An important aspect of scientific research is that findings are reproducible, falsifiable and transparent. Especially in an empirical approach, it is of the utmost importance to make datasets available. It should become a natural reflex to feel an urge for seeing the data behind the publication. No matter how well the publication describes the variables, it is always interesting and insightful to learn how certain observations are annotated. From your own experience, you probably already know how difficult it usually is to decide which value to assign from the variables you are investigating. These insecureties are also present in other corpus linguists. Perhaps, that is why many (corpus) linguists do not make their datasets freely available. But usually, they bring two kinds of arguments to the table.

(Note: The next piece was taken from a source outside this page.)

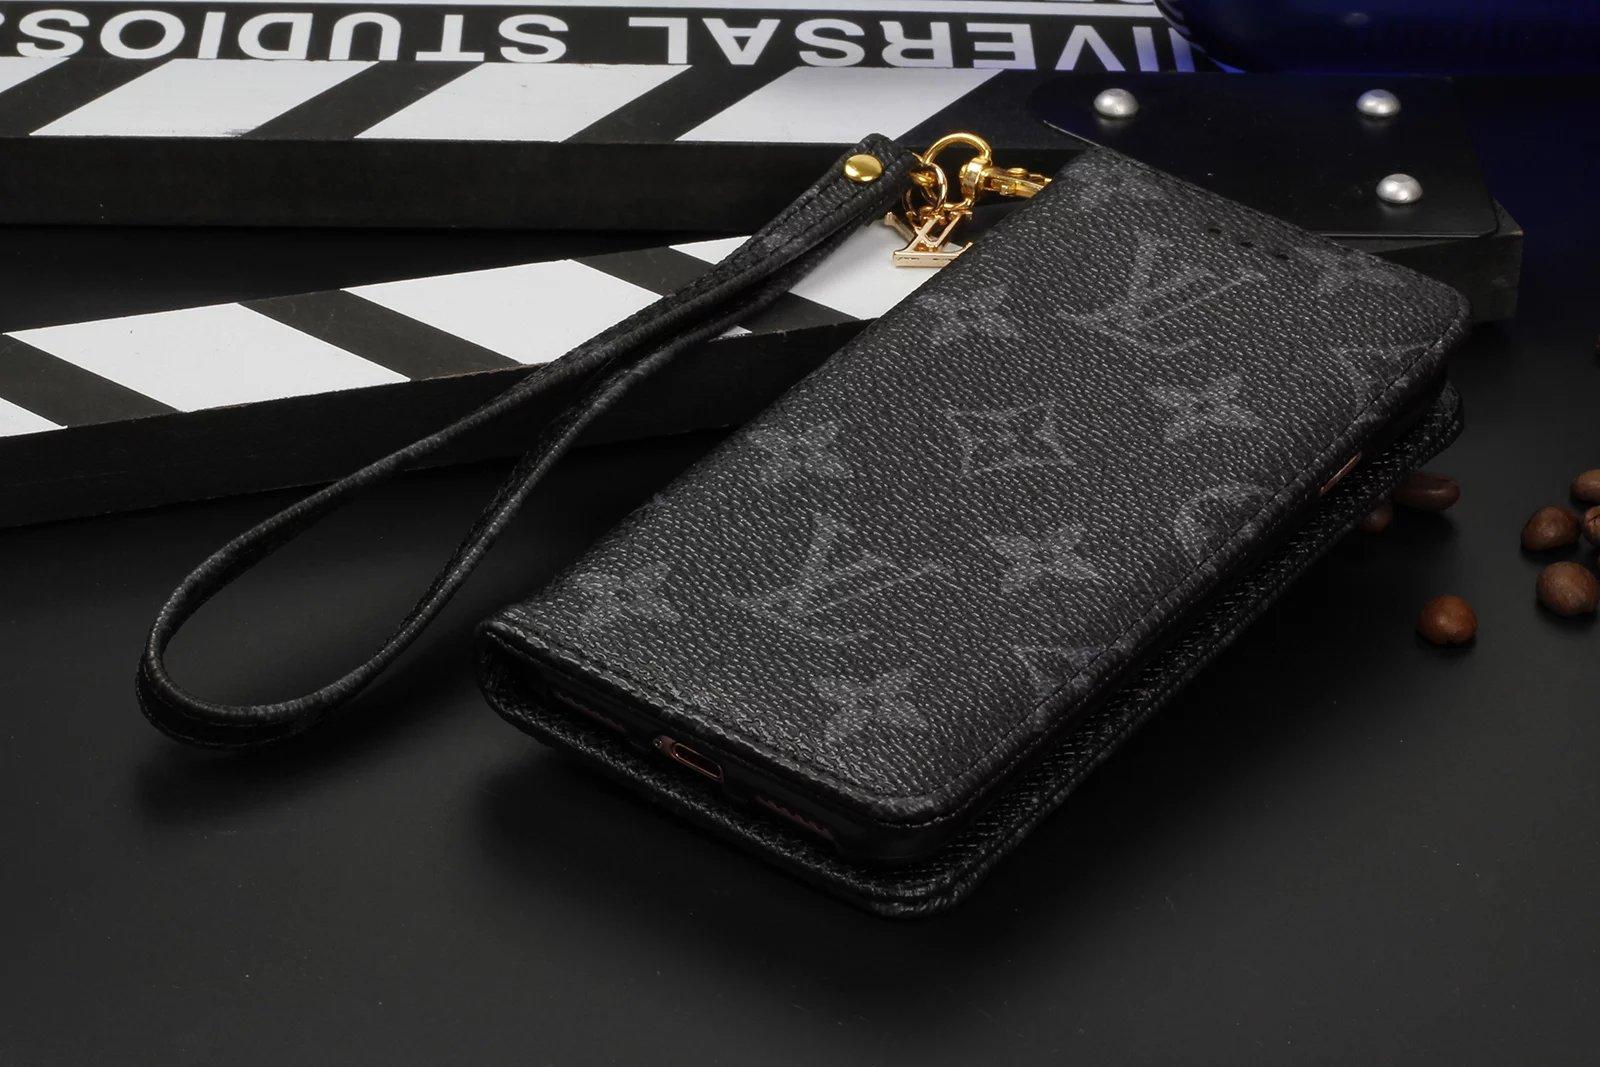 iphone gummihülle die besten iphone hüllen Louis Vuitton iphone6s hülle gummihülle iphone 6s iphone 6s kas6sttenhülle iphone cover foto handyhülle iphone 6s holz ca6s iphone 6s leder silikon hülle 6slber machen

The first kind of argument is the “I want to publish on this data before I give it to the others”. This is sometimes also known as the “right for first publication”. I can most certainly understand that feeling, and in certain cases, it is very understandable. If your dataset is so specific that it can only answer your one specific research question, it would be indeed foolish to give that away before valorizing it yourself. However, you might also consider how many people actually have the same research question as you have; and if other people have the exact same research question, you should be collaborating with them, anyway. In case your dataset is fairly general, e.g. when it was not set up with a specific research question in mind, there is not really an argument against holding back the data. Possibly, by sharing the dataset, you might gain some recognition in the research community?
The second kind of argument is something like “I do not want that some big shot uses my data, and that everybody will then cite him instead of me”. The horror story goes as follows: after months and months of hard work compiling and annotating The Dataset, you present some first results at a conference. Professor Big Shot from Big Shot University comes to you after the presentation and asks if he could have a look at the data, because he finds it so interesting. Flushed by emotion, you give him your perfectly prepared dataset. Some months later, you discover in the International Journal of Big Shot Linguists an article by professor Big Shot who shamelessly used your dataset for a publication, and the only thing you got was a thank-you-footnote. The rest of the research community hails professor Big Shot for his exquisite analysis on some extraordinary data, and the article gets a record in citations. You, however, never get a part of the glory and leave academia for lack of funding. Obviously, this is bogus, since it is quite unrealistic that your dataset is going to change the field forever — get real. Moreover, you have certain legal rights on a dataset as it is your Intellectual Property. Make sure always include an adequate license to your dataset (this will be discussed below).
Although I can understand to a certain extent the two arguments against publishing your datasets, it is my strong opinion that scholars should nonetheless make their work publicly available. For this, there are at least three arguments.
First, scholars in corpus linguistics are usually payed by the tax payers and should therefore make their work publicly available, preferably without additional cost. Scientist have an academic responsability, but are also there at the grace of and for society. In fact, this is also why you should prefer an open format (or even just plain text in the csv format) over proprietary formats. Proprietary formats can only be read adequately by software that people have to pay for, and science should be free, both in the monetary meaning as well as in the “free as in speech, not free as in beer” meaning.
Second, making data available ensures a more transparent insight in the findings of your research. The scientific community is a community, and although we do not need to be best friends across the board, scientist should function as an example community of equals who respect each other. Nobody should be afraid to put a dataset (preliminary or finished) out there in front of the critical eye of the peers. I know how harsh and painful it sometimes is to receive critical reviews, but they make you into a better scholar. If you keep your cookies in the jar forever, they will go bad.
Third, your work is protected by copyright (several licenses are available, e.g. Creative Commons) and you have the right to complain when somebody violates the terms for your license. In the words of a respected collegue: “if you want that people draw a dragon every time they cite your data/publication, and you write that into the license, you can sue them if you don’t see the dragon”. Perhaps that is pushing it too far, but as the creator of the dataset you have the rights to the Intellectual Property (IP). With a Creative Commons By License, everybody who uses you IP is obliged to make a reference to you. You can fight for your right to, well, be quoted!
Postscript: There is quite obviously one major exception to this universal principle of scientific openness, and that is when your data may violate the privacy of your subjects.